* Provided data

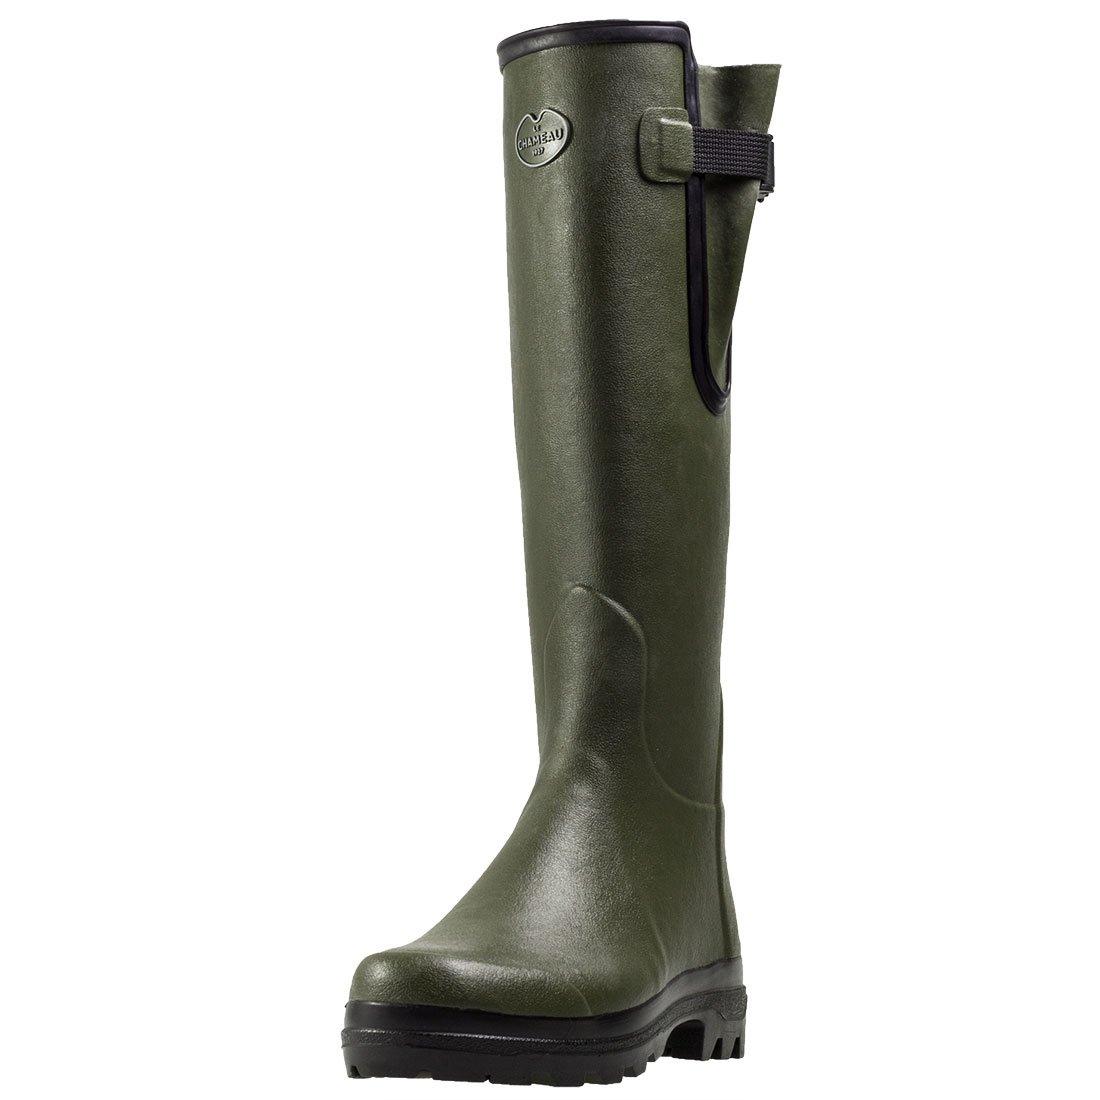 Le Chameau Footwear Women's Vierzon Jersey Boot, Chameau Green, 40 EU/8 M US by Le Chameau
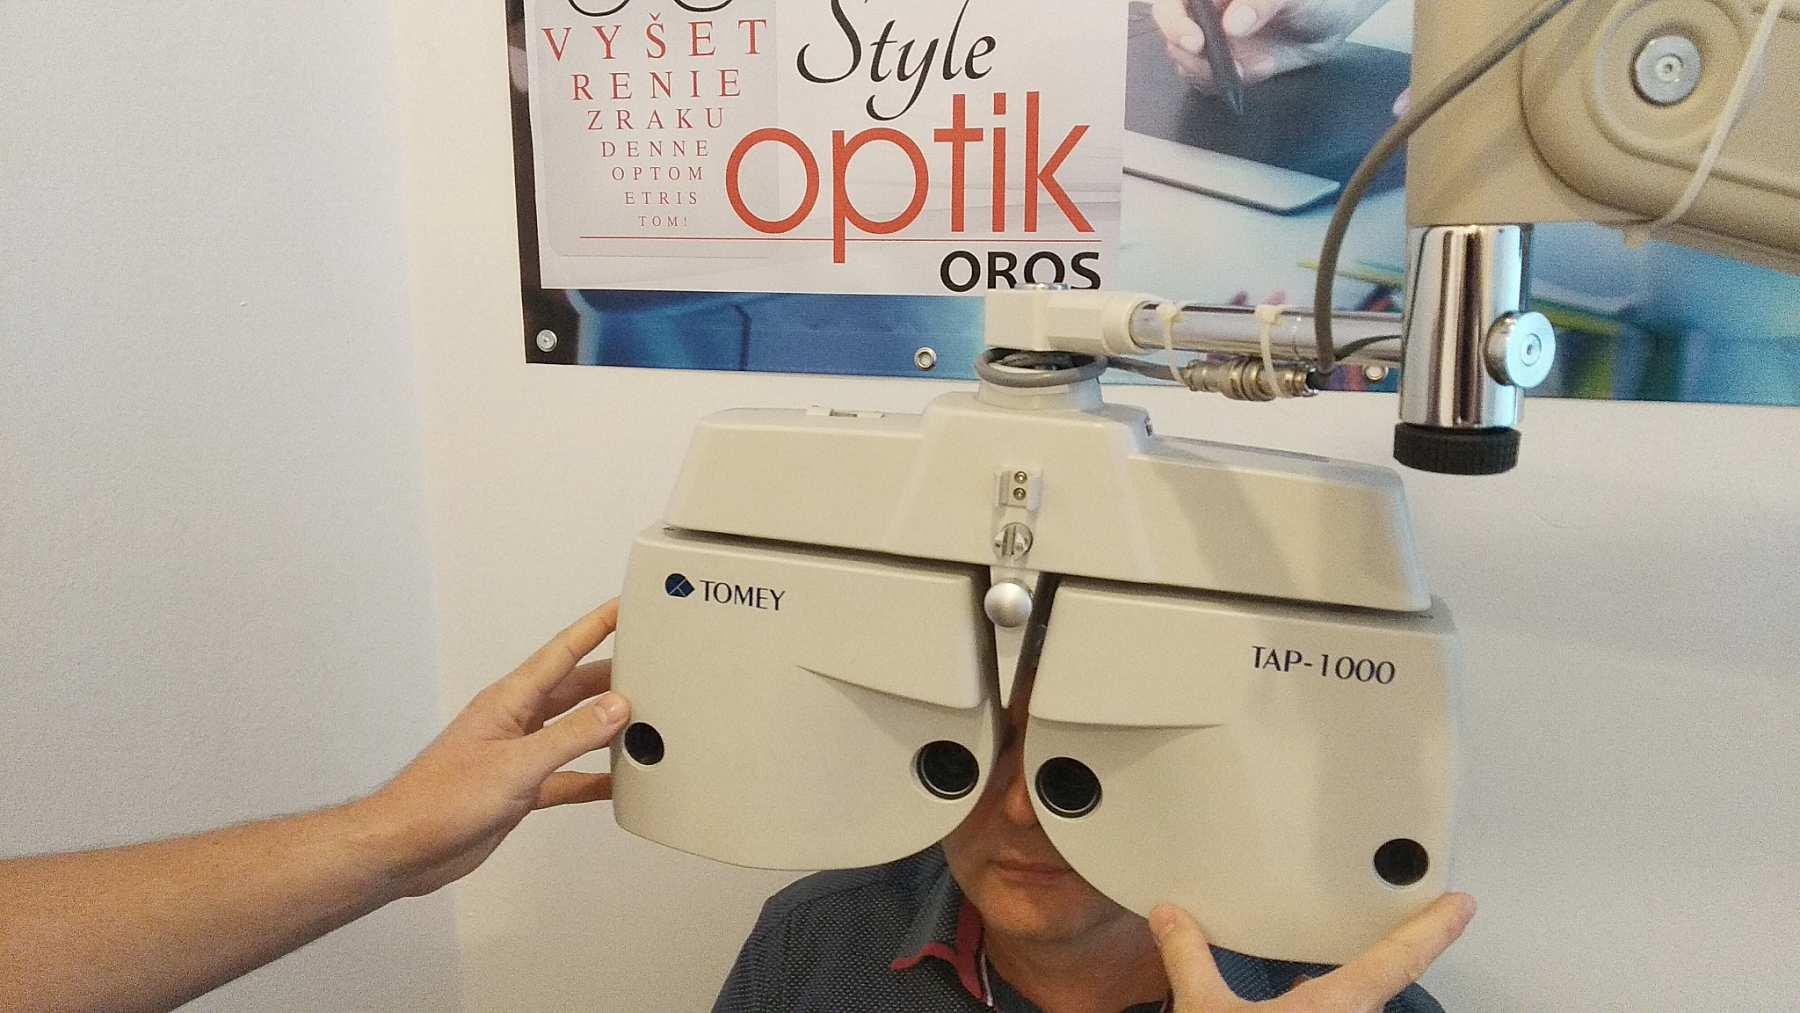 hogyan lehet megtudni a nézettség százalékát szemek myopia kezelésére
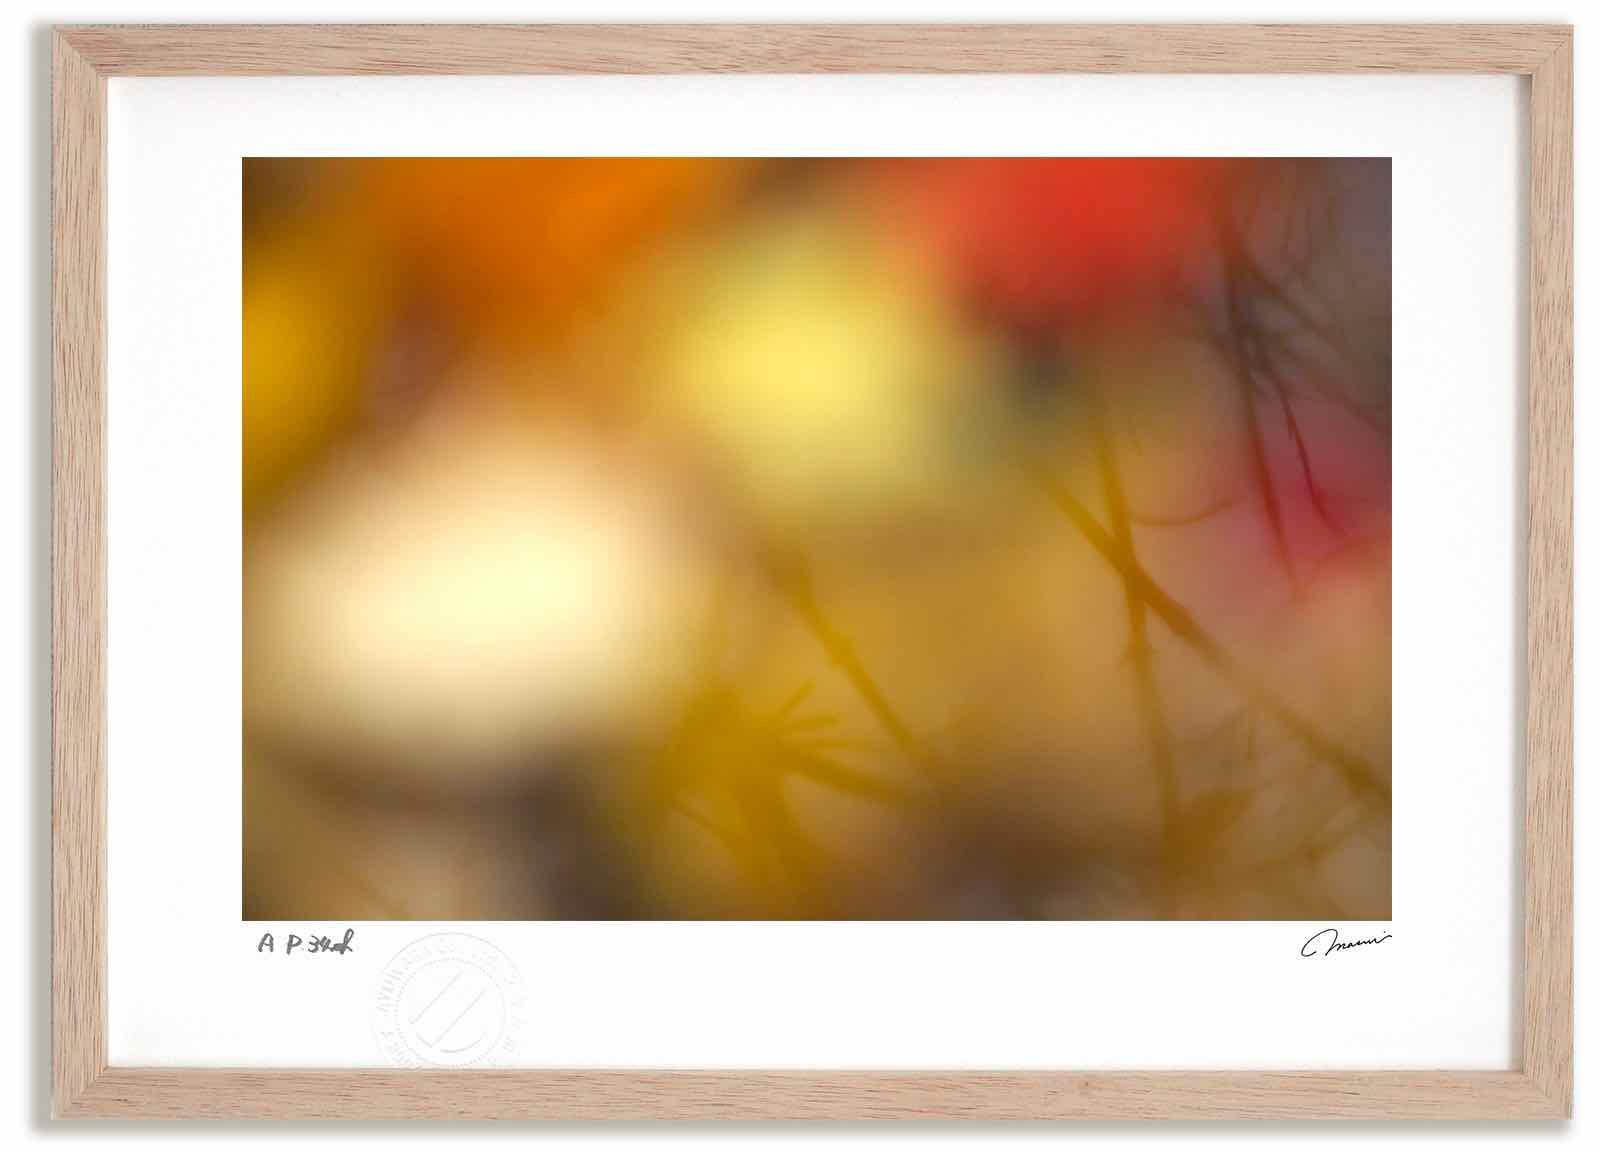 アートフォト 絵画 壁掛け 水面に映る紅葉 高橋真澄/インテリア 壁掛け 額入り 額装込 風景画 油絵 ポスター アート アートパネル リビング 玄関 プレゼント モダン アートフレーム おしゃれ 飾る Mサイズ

* Problem
Leave the pictures out and transcribe the remaining material exactly.

* Answer space
 Le Chameau Footwear Women's Vierzon Jersey Boot, Chameau Green, 40 EU/8 M US by Le Chameau
 hogyan lehet megtudni a nézettség százalékát szemek myopia kezelésére
 アートフォト 絵画 壁掛け 水面に映る紅葉 高橋真澄/インテリア 壁掛け 額入り 額装込 風景画 油絵 ポスター アート アートパネル リビング 玄関 プレゼント モダン アートフレーム おしゃれ 飾る Mサイズ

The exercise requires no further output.